Stand: November 2020 
 
Abteilung Organisation und Recht...



---

## 🤖 Initialize OpenAI Embeddings

*Set up the embedding model that will convert text to vectors*


In [5]:
# Cell 4: Initialize OpenAI Embeddings
def initialize_embeddings():
    """Initialize OpenAI embeddings without test query"""
    try:
        embeddings = OpenAIEmbeddings(
            model="text-embedding-3-small",
            openai_api_key=os.getenv('OPENAI_API_KEY')
        )
        
        print("✅ OpenAI Embeddings initialized successfully!")
        print(f"   Model: text-embedding-3-small")
        print(f"   Dimension: 1536 (for text-embedding-3-small)")
        
        return embeddings
        
    except Exception as e:
        print(f"❌ Error initializing OpenAI embeddings: {e}")
        print("💡 Check your OPENAI_API_KEY in .env file")
        return None

# Initialize embeddings
embeddings = initialize_embeddings()

✅ OpenAI Embeddings initialized successfully!
   Model: text-embedding-3-small
   Dimension: 1536 (for text-embedding-3-small)


---

## 🗃️ Pinecone Setup

*Initialize connection to Pinecone vector database*

In [6]:
# Cell 5: Pinecone Setup (Optimized for PineconeVectorStore)
def initialize_pinecone_for_vectorstore(index_name="gdpr-compliance-openai"):
    """Initialize Pinecone specifically for PineconeVectorStore compatibility"""
    try:
        from pinecone import Pinecone, ServerlessSpec
        
        pc = Pinecone(api_key=os.getenv('PINECONE_API_KEY'))
        
        print("✅ Pinecone initialized for PineconeVectorStore!")
        
        existing_indexes = pc.list_indexes().names()
        print(f"📋 Existing indexes: {existing_indexes}")
        
        if index_name not in existing_indexes:
            print(f"📦 Creating new index: {index_name}")
            
            pc.create_index(
                name=index_name,
                dimension=1536,
                metric='cosine',
                spec=ServerlessSpec(
                    cloud='aws',
                    region='us-east-1'
                )
            )
            
            print("⏳ Waiting for index to initialize...")
            while not pc.describe_index(index_name).status['ready']:
                time.sleep(1)
            
            print("✅ Index created and ready!")
        else:
            print(f"✅ Using existing index: {index_name}")
        
        # Return both pc and index for flexibility
        index = pc.Index(index_name)
        time.sleep(1)
        
        stats = index.describe_index_stats()
        print(f"📊 Index statistics:")
        print(f"   - Total vectors: {stats['total_vector_count']}")
        
        return pc, index
        
    except Exception as e:
        print(f"❌ Error initializing Pinecone: {e}")
        return None, None

# Initialize Pinecone
pc, index = initialize_pinecone_for_vectorstore()

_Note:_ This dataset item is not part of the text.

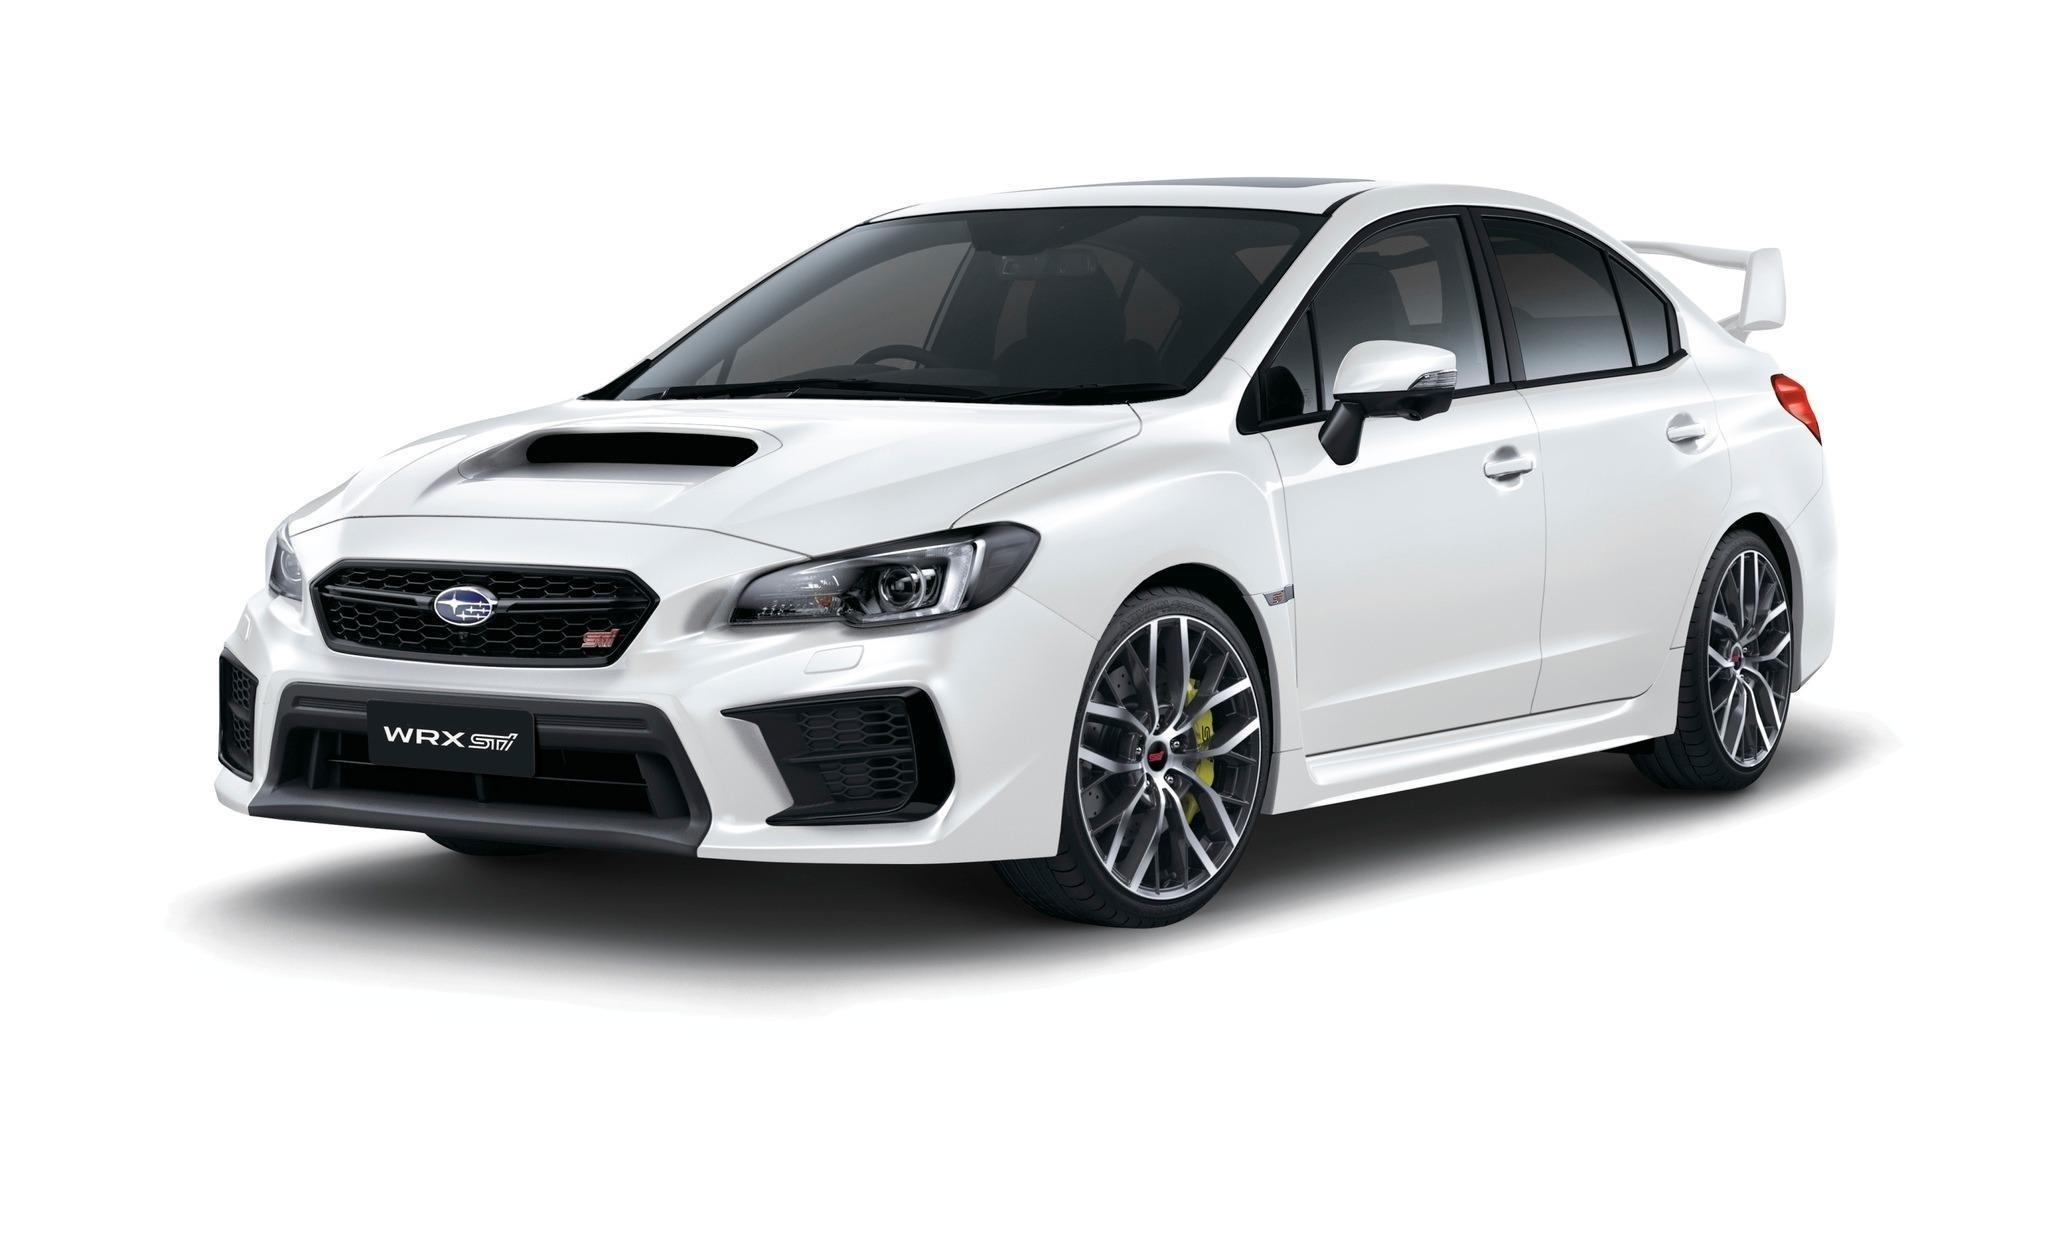 2021 Subaru WRX STi PREMIUM MY21 / 6 Speed Manual / Sedan / 2.5L / 4 Cylinder TURBO / Petrol / 4x4 / 4 door / Model Year '21 August release 07WZ21

✅ Pinecone initialized for PineconeVectorStore!
📋 Existing indexes: ['extractive-question-answering', 'gdpr-compliance-openai', 'langchain-retrieval-agent', 'abstractive-qa-history', 'gdpr-compliance']
✅ Using existing index: gdpr-compliance-openai
📊 Index statistics:
   - Total vectors: 0




---

## 🚀 Upload to Vector Database

*Upload document chunks to Pinecone with embeddings*



In [9]:
# # Cell 6: Current Vector Store Setup

def create_pinecone_vectorstore_simple(chunks, index_name="gdpr-compliance-openai"):
    """Simple version without cost calculation"""
    
    embeddings = OpenAIEmbeddings(model="text-embedding-3-small")
    
    print("🔄 Creating Pinecone vector store...")
    vectorstore = PineconeVectorStore.from_documents(
        documents=chunks,
        embedding=embeddings,
        index_name=index_name
    )
    
    print(f"✅ Successfully loaded {len(chunks)} documents into Pinecone")
    
    # Optional: Show basic stats
    total_chars = sum(len(chunk.page_content) for chunk in chunks)
    print(f"📊 Stats: {len(chunks)} chunks, ~{total_chars} characters")
    
    return vectorstore

# Use the simple version
vectorstore = create_pinecone_vectorstore_simple(chunks)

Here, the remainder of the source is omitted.